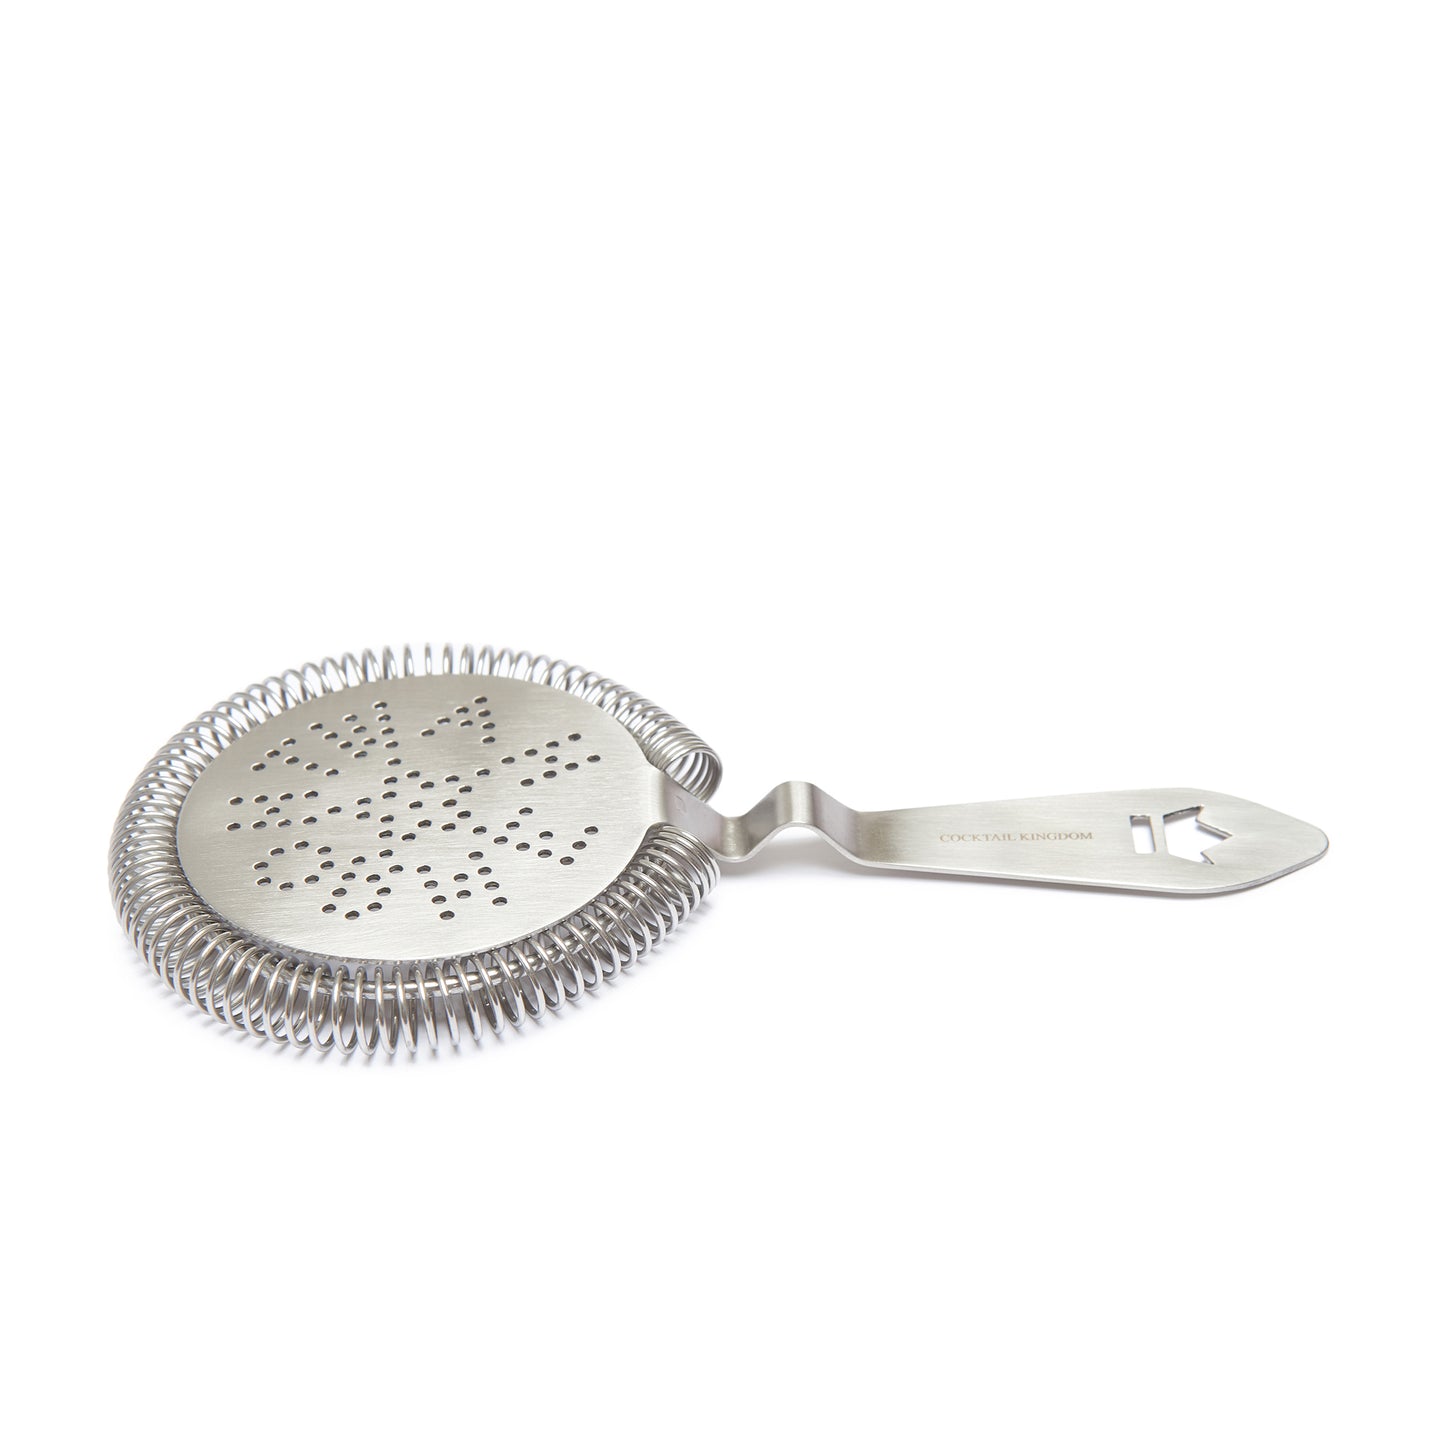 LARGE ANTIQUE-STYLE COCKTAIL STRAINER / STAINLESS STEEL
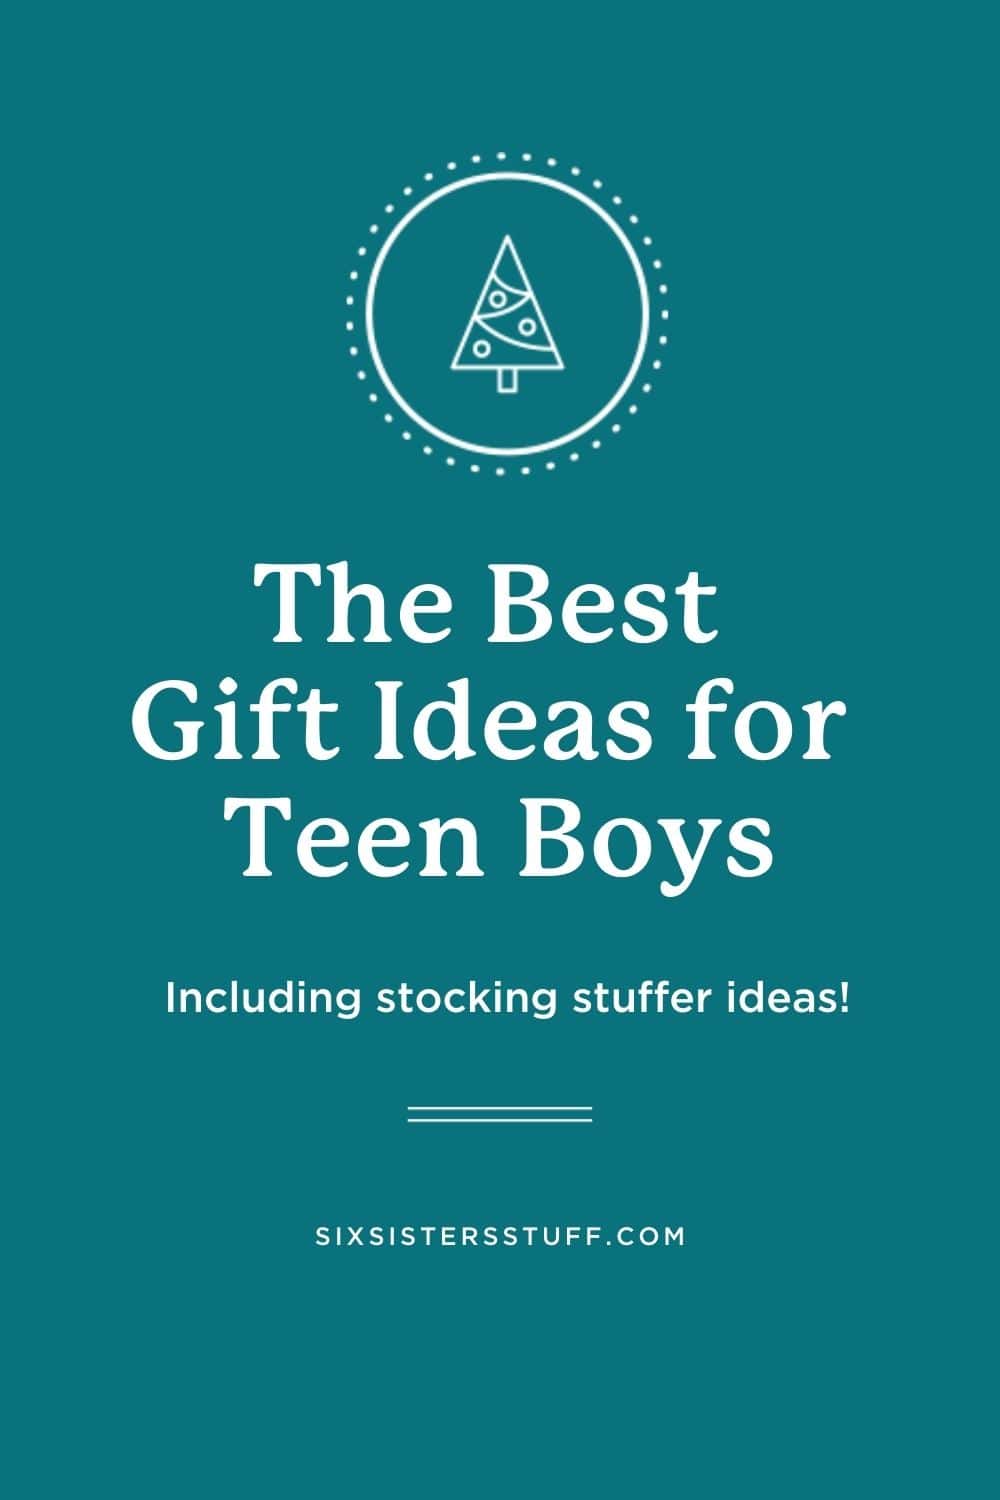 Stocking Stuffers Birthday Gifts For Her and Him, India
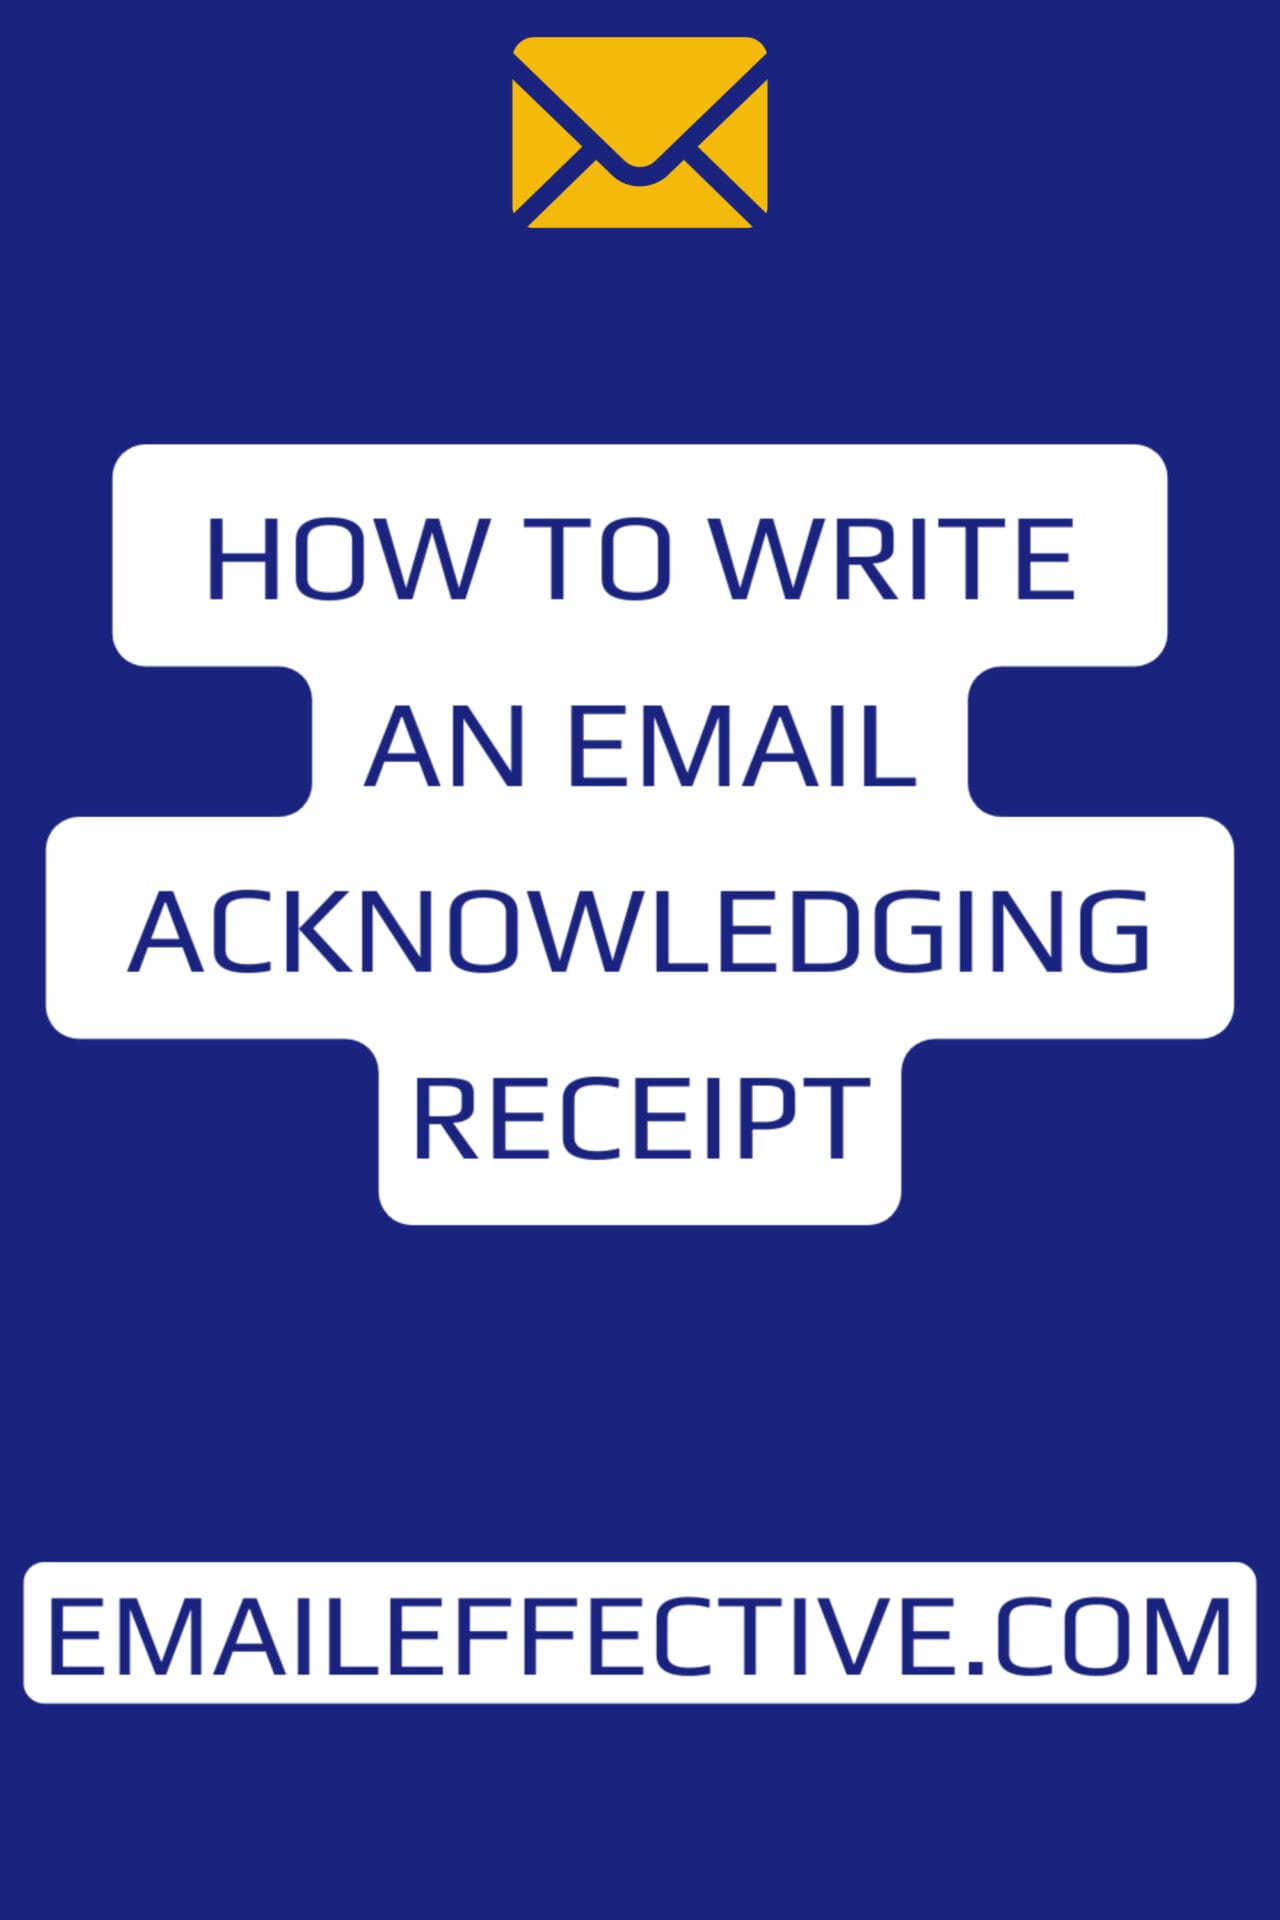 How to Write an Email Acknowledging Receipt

Description of the task
Only the lines from the line holding "Stocking Stuffers Birthday" through the last line above belong in the answer, repeated exactly; the pictures do not.

Reply to the task
 Stocking Stuffers Birthday Gifts For Her and Him, India
 How to Write an Email Acknowledging Receipt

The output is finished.